Originally posted in MedPage Today
by Emily P. Walker, MedPage Today Washington Correspondent
In its much-anticipated cost estimate, the Congressional Budget Office (CBO) said the Senate Finance Committee’s healthcare reform bill would cost $829 billion over 10 years and begin to drive down the federal deficit after that first decade.
The price tag is lower than Sen. Max Baucus’ (D-Mont.) previous estimate of $856 billion, which was made before the Finance Committee rolled hundreds of amendments into the bill, some of which drove down the total cost.
The bill would expand coverage so that 94% of all legal U.S. residents would have insurance by 2019, according to Doug Elmendorf, director of the CBO. That would still leave about 25 million nonelderly residents without insurance — about one-third of whom would be illegal immigrants.
After 10 years the bill would result in a deficit reduction of $81 billion, and continue to save the country money each year, the report said. While the CBO usually doesn’t venture into projecting costs past 10 years, Elmendorf said that after 2019, cost savings and revenues would grow faster than the cost of expanding insurance.
The CBO report is good news for Baucus, chairman of the Finance Committee, because it backs what he’s been saying all along: That the bill would cost under $1 trillion, that it would save money after a decade, and that it would expand insurance to people who don’t have it.
“Our balanced approach to health reform has paid off yet again with the news today that the [bill] remains fully paid for, begins to reduce the federal deficit within ten years, and makes significant reductions in federal debt over the next several decades,” Baucus said in a prepared statement.
While the committee finished work on the bill last week, Baucus agreed to hold off on a vote to send the bill to the Senate floor until the CBO provided an updated estimate. Republicans on the committee tried to get Baucus to promise that they’d have 72 hours to ponder the CBO estimate before voting on the bill, but Baucus didn’t explicitly agree to that.

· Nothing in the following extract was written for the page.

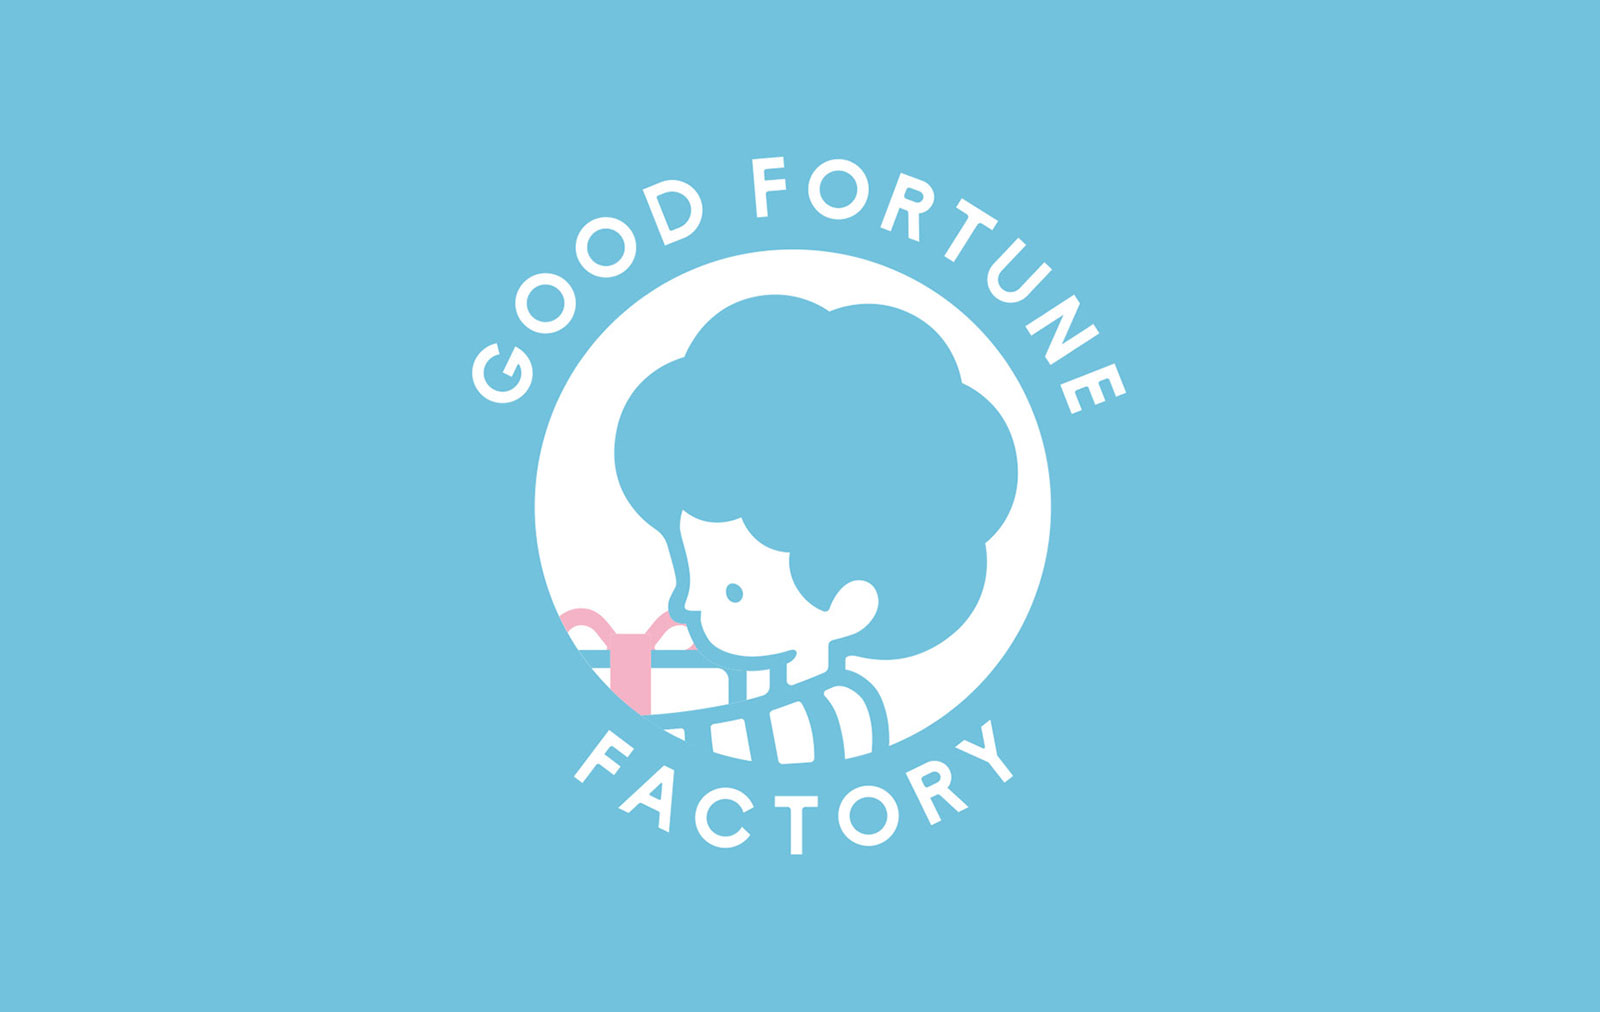 GOOD FORTUNE FACTORY

The largest cost in the bill — $461 billion — would go toward providing subsidies to low-and moderate-income people. Those who earn up to 400% of the federal poverty level ($88,200 for a family of four), would receive subsidies from the federal government to offset the cost of buying health insurance.
Another big chunk of the price tag — $345 billion — would go toward expanding Medicaid and the State Children’s Health Program.
Under the bill, Medicaid eligibility would be expanded to include those who earn up to 133% of the federal poverty level. (For those who earn between 133% and 200%, individual states could choose whether to provide new federally-funded, state-level insurance plans). The expansions would result in about 14 million more Medicaid recipients than current projections call for.
By expanding Medicaid eligibility and by requiring everyone to purchase insurance, among other measures, the bill would expand coverage to an additional 25 million people.
Provisions in the bill relating to small employers also raise the cost, Elmendorf said. The federal government would spend $23 billion in tax credits to businesses with fewer than 25 employees who make an average of less than $40,000 annually.
Under the bill, an employee would be required to buy into an insurance plan offered by his or her employer, unless the premiums for the plan would eat up more than 8% of the employee’s salary. In that case, the employee could buy from an exchange and would likely be eligible for some government assistance to offset the cost.
The $23 billion in tax credits to small businesses would be partly offset by three money-makers, according to the CBO: taxing expensive “Cadillac” plans (which cover an estimated 8% of taxpayers); charging employers penalties if their workers receive tax credits to buy insurance in the “exchange”; and other “tax revenues” that will come along with expanding insurance.
Notably, health insurance cooperatives, which were touted as an alternative to a public option and a potential cost saver, would have very little effect and probably not be used by many states.
The report concluded that these cooperatives “seem unlikely to establish a significant market presence in many areas of the country or to noticeably affect federal subsidy payments.”
The CBO report also said the bill would:
* Save $162 billion by reducing annual updates to Medicare’s fee-for-service rates. These reductions would not apply to physician’s services.
* Save $117 billion by allowing the Centers for Medicare and Medicaid Services to set payment rates in Medicare Advantage plans based on the average bids of private insurance companies who are competing to offer plans to Medicare beneficiaries. (The Advantage plans are paid, on average, 14% more than traditional Medicare plans.)